PROFESSIONAL EXPERIENCE

SR. DATA ENGINEER (AWS)

Confidential, PLANO, TX

RESPONSIBILITIES:

  • Objective of this project is to migrate all the services from in-house to cloud (AWS). This includes building a data lake as a cloud-based solution in AWS using Amazon S3 and makes it a single source of truth.
  • Provided meaningful and valuable information for better decision-making.
  • Migration of data includes various data types like Streaming data, Structured data and unstructured data from various sources and also includes legacy data migration.
  • Utilize AWS services with focus on big data analytics, enterprise data warehouse and business intelligence solutions to ensure optimal architecture, scalability, flexibility.
  • Designed AWS architecture, Cloud migration, AWS EMR, DynamoDB, Redshift and event processing using lambda function.
  • Built NoSQL solution for non-structural data using AWS DynamoDB services
  • Built data warehousing solutions on analytics/reporting using AWS Redshift service.
  • Developed Python programs to consume data from APIs as part of several data extraction processes and store the data in AWS S3.
  • Used Flume to collect, aggregate, and store the web log data from different sources like web servers, mobile and network devices and pushed to HDFS.
  • Developed the code for Importing and exporting data into HDFS and Hive using Sqoop.
  • Created Hive External tables to stage data and then move the data from Staging to main tables.
  • Wrote Hive join query to fetch info from multiple tables, writing multiple Map Reduce jobs to collect output from Hive.
  • Used Hive to analyze the partitioned and bucketed data and compute various metrics for reporting on the dashboard.
  • Migration of Data from Hive to Presto DB for faster query execution and data retrieval times.
  • Used Presto in-built connectors for Red shift and Hive to prepare datasets for applying advanced analytics (ML) on certain use cases.
  • Implemented performance optimizations on the Presto SQL Queries for improving query retrieval times.
  • Used Query execution plans in Presto for tuning the queries that are integrated as data sources for Tableau dashboards.
  • Design of Red shift Data model and working on the RedShift performance improvements that helps faster query retrieval and also improves the dependent reporting/analytics layers.
  • Developed data transition programs from DynamoDB to AWS Redshift (ETL Process) using AWS Lambda by creating functions in Python for the certain events based on use cases.

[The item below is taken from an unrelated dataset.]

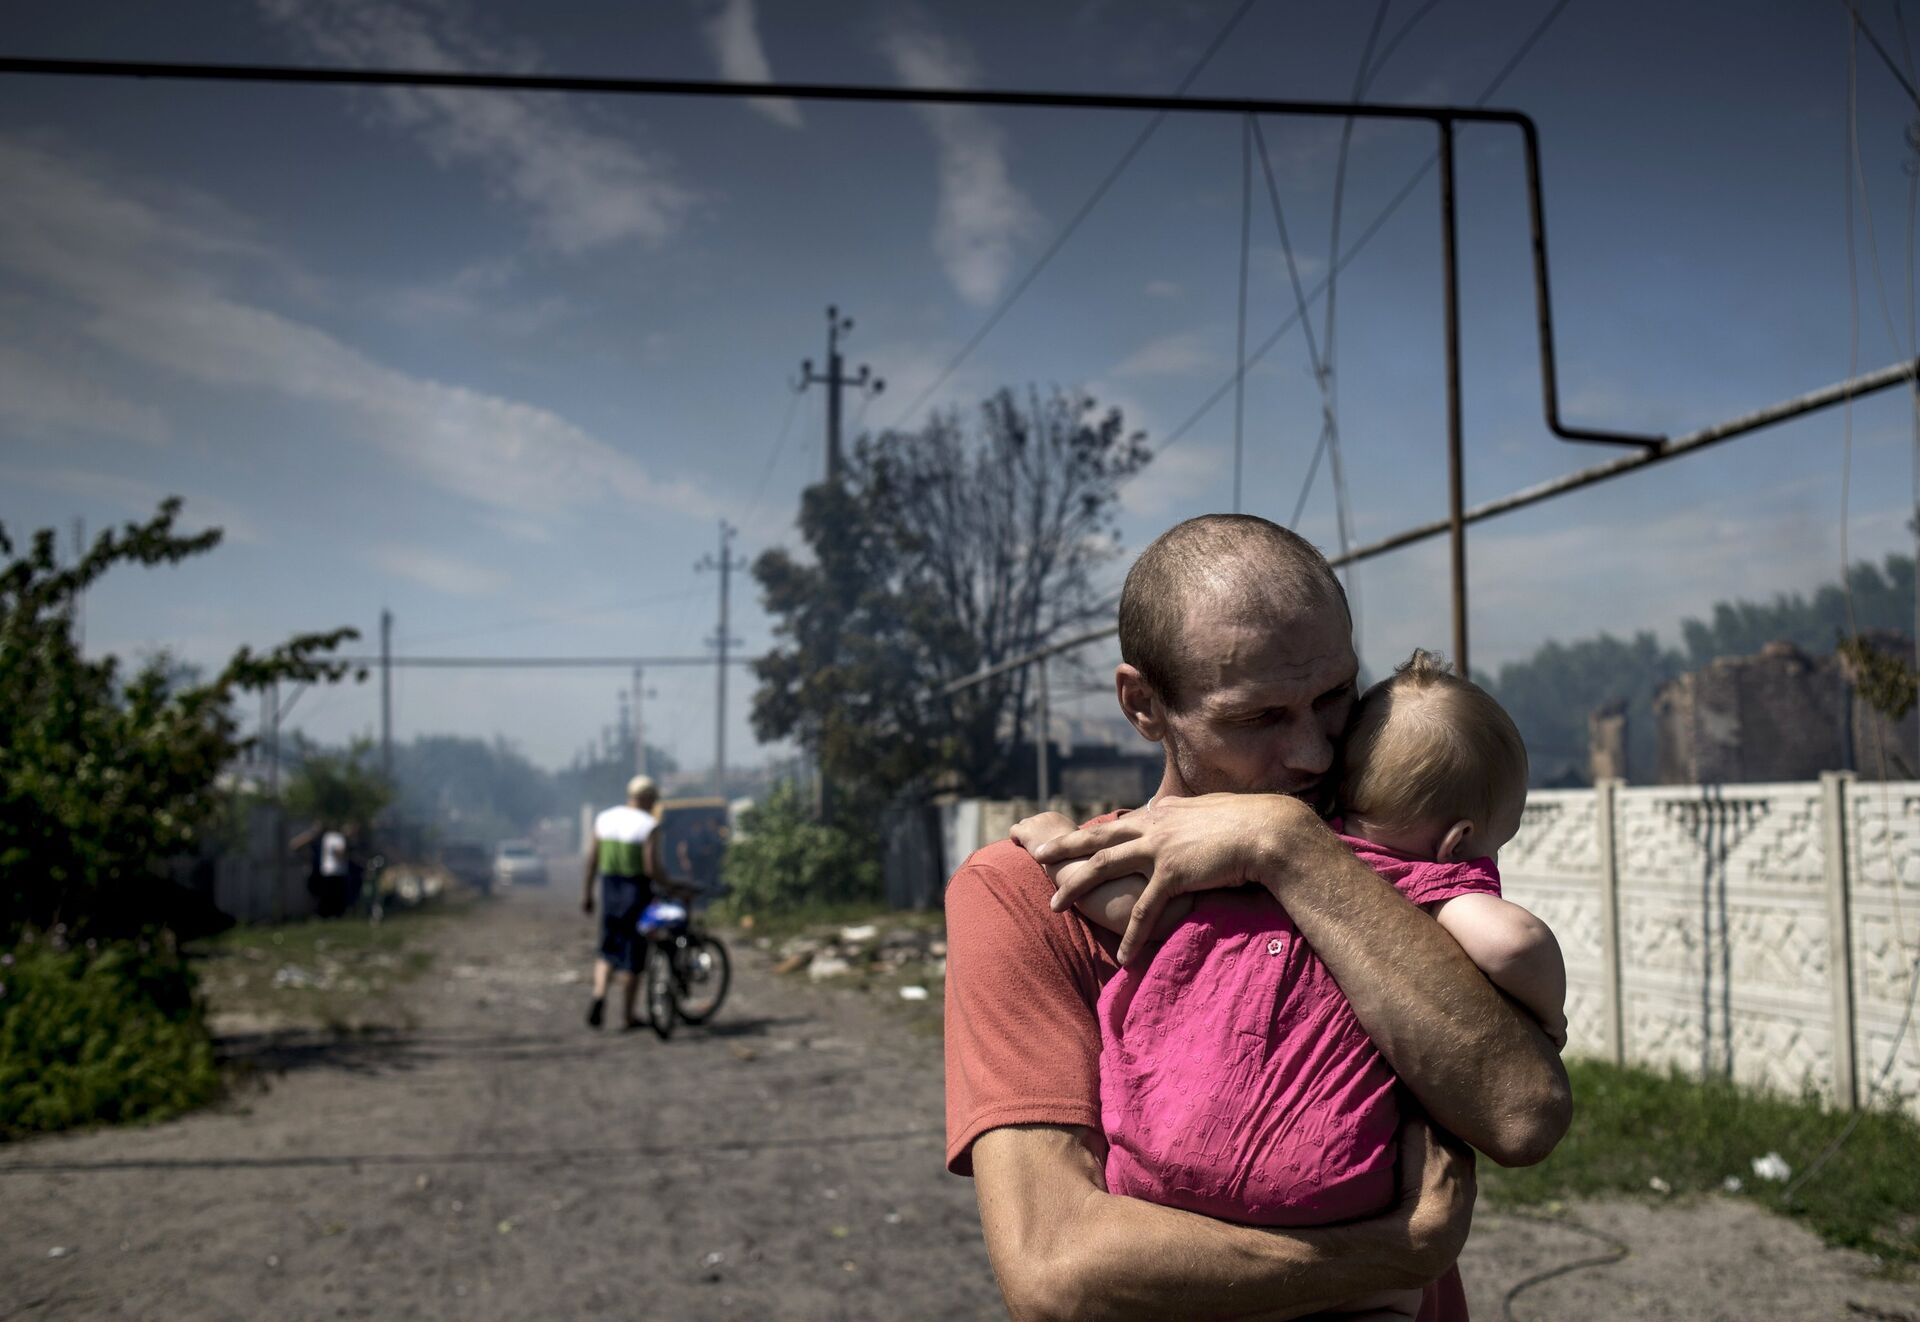 Украина страдает. Станица Луганская 2 июля 2014.
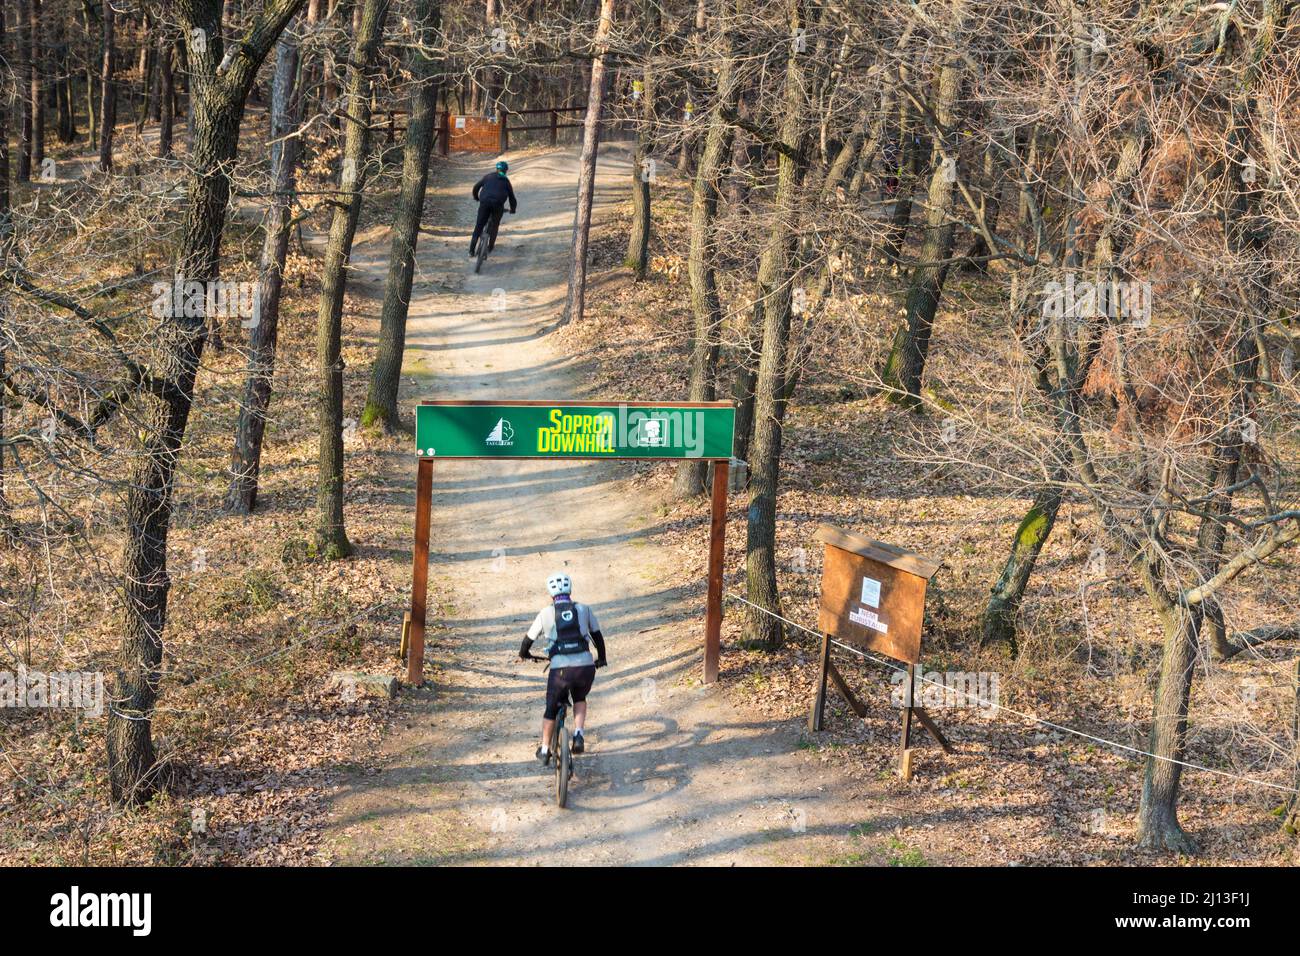 Bikers at start point of Sopron Downhill mountain biking trail at Varhely-kilato, Sopron Mountains, Sopron, Hungary Stock Photo

ENVIRONMENT: AWS Services like S3, DynamoDB, EMR, RedShift, Lambda. Data Engineering tools like HDFS, Sqoop, Hive, Tables, ETL processing, SQL, Python.

SR. DATA ENGINEER

Confidential, CAMDON, NJ

RESPONSIBILITIES:

  • Worked with the analysis teams and management teams and supported them based on their requirements.
  • Generated PL/SQL scripts for data manipulation, validation and materialized views for remote instances.
  • Created and modified several database objects such as Tables, Views, Indexes, Constraints, Stored procedures, Packages, Functions and Triggers using SQL and PL/SQL.
  • Created large datasets by combining individual datasets using various inner and outer joins in SAS/SQL and dataset sorting and merging techniques using SAS/Base.
  • Developed live reports in a drill down mode to facilitate usability and enhance user interaction
  • Extensively worked on Shell scripts for running SAS programs in batch mode on Linux.
  • Wrote Python scripts to parse XML documents and load the data in the database.
  • Used Python to extract weekly information from XML files.
  • Developed Python scripts to clean the raw data.
  • Worked on AWS CLI to aggregate clean files in Amazon S3 and also on Amazon EC2 Clusters to deploy files into Buckets.
  • Used AWS CLI with IAM roles to load data to Redshift cluster,
  • Responsible for in depth data analysis and creation of data extract queries in both Net ezza and Tera data databases.
  • Extensive development in Net ezza platform using PL SQL and advanced SQLs.
  • Validated regulatory finance data and created automated adjustments using advanced SAS Macros, PROC SQL, UNIX (Korn Shell) and various reporting procedures.
  • Designed reports in SSRS to create, execute, and deliver tabular reports using shared data source and specified data source. Also, Debugged and deployed reports in SSRS.
  • Optimized the performance of queries with modification in SQL queries, established joins and created clustered indexes
  • Used Hive and Sqoop utilities and Oozie workflows for data extraction and data loading.
  • Development of routines to capture and report data quality issues and exceptional scenarios.
  • Creation of Data Mapping document and data flow diagrams.
  • Involved in generating dual-axis bar chart, Pie chart and Bubble chart with multiple measures and data blending in case of merging different sources.
  • Developed dashboards in Tableau Desktop and published them on to Tableau Server which allowed end users to understand the data on the fly with the usage of quick filters for on demand needed information.
  • Created Dashboards style of reports using QlikView components like List box Slider, Buttons, Charts and Bookmarks.
  • Coordinated with Data Architects and Data Modelers to create new schemas and views in Netezza to improve reports execution time, worked on creating optimized Data-Mart reports.
  • Worked on QA the data and adding Data sources, snapshot, caching to the report.
  • Involved in troubleshooting at database levels, error handling and performance tuning of queries and procedures.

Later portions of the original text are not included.